DEAR ABBY: My father -- aged 68, active and in good health -- has become increasingly obsessed with deciding who will get which of his belongings when he passes. Almost every conversation now consists of some form of "Do you think your cousin Joey would like my antique fishing lure collection?" I'm glad he's thinking ahead and putting his affairs in order, but it has been months since we've been able to talk about normal things, and I feel like he's missing out on living in the present.
I finally had to tell Dad to stop asking my young kids which of his childhood toys they would like when he dies because it was freaking them out. They no longer want to go over there because they're terrified he's going to keel over in front of them.
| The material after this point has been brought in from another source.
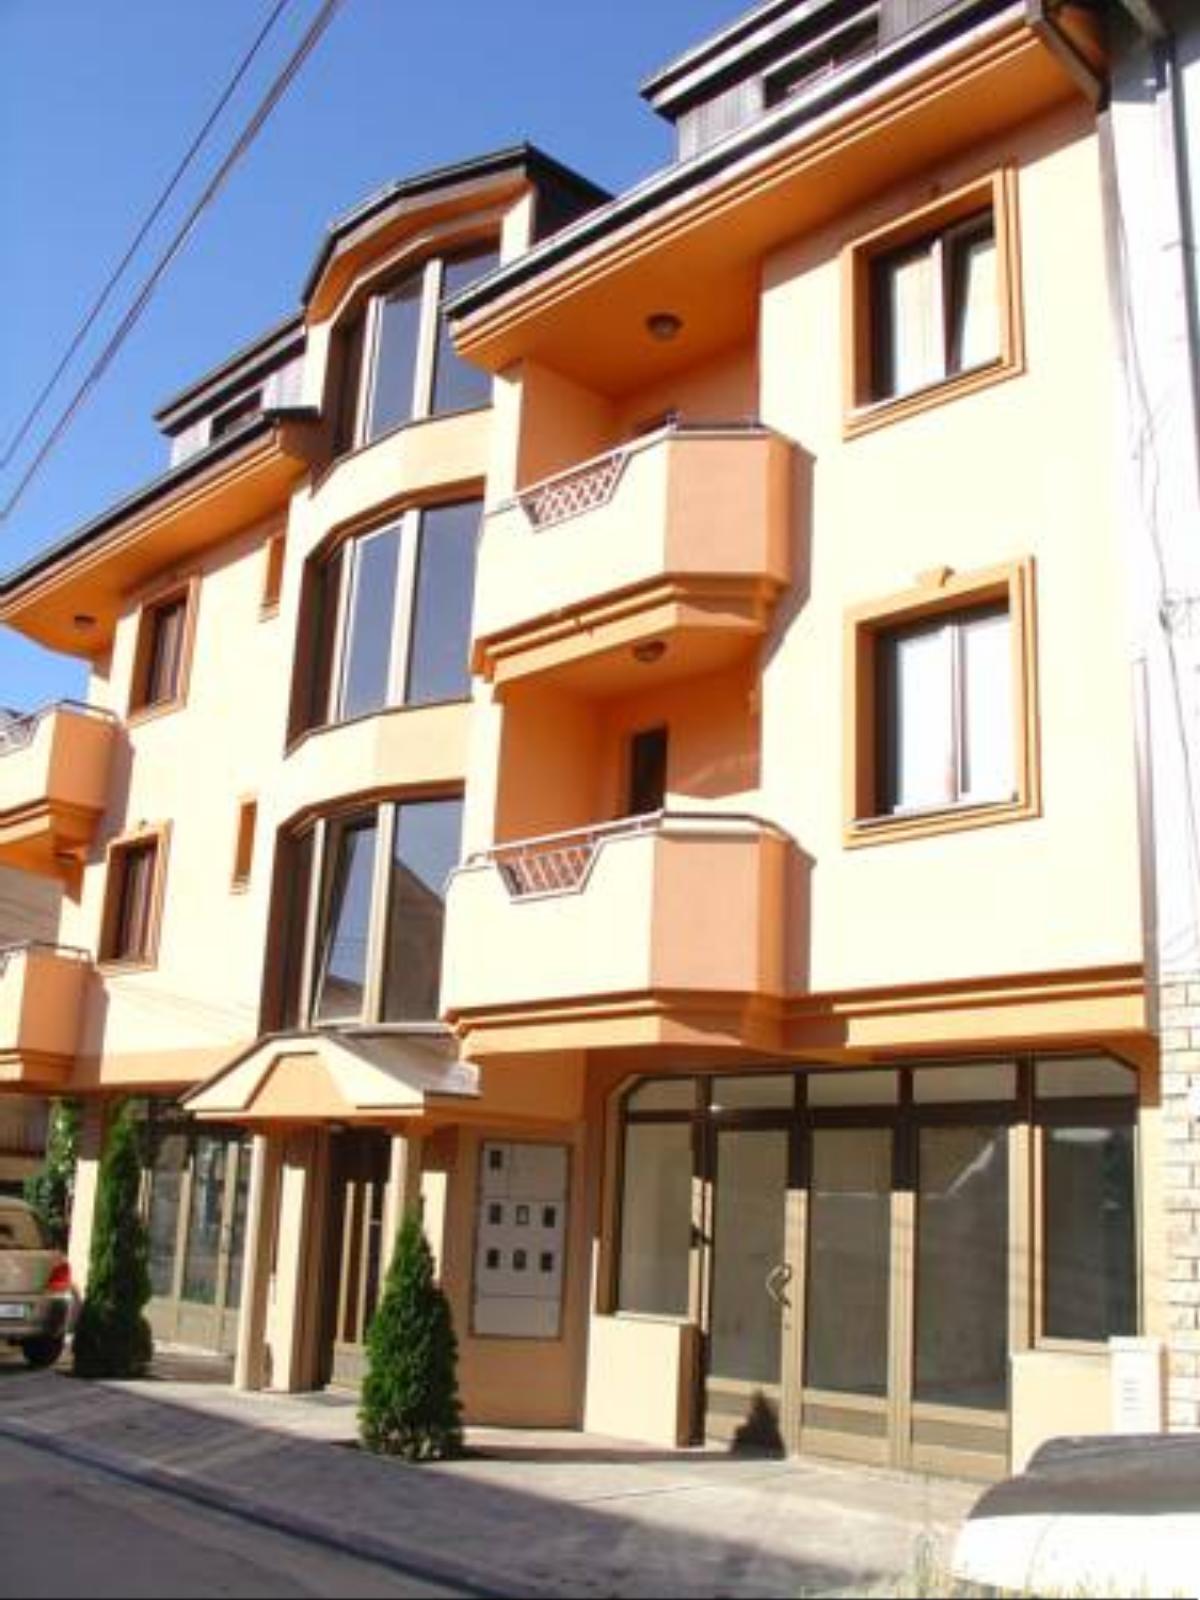 Kukunesh Apartments Hotel Ohrid Macedonia

How do I get him to stop this, move on and continue living his life? I'm pretty sure he doesn't have an illness he's keeping secret. Obsessiveness is normal for him, but this topic is new. -- ADULT SON IN FLORIDA
DEAR ADULT SON: Have you asked your father directly what has caused this change in his behavior? If you haven't, you should. Have you any idea how long it has been since his last physical and neurological examination? If it has been more than a year, suggest the two of you go together to make absolutely sure nothing is wrong with him.
Because you prefer he stop talking about death and distribution of assets with your children, let him know that today's young people prefer electronic gadgets rather than the toys he played with in his youth. It's the truth, and he needs to hear it.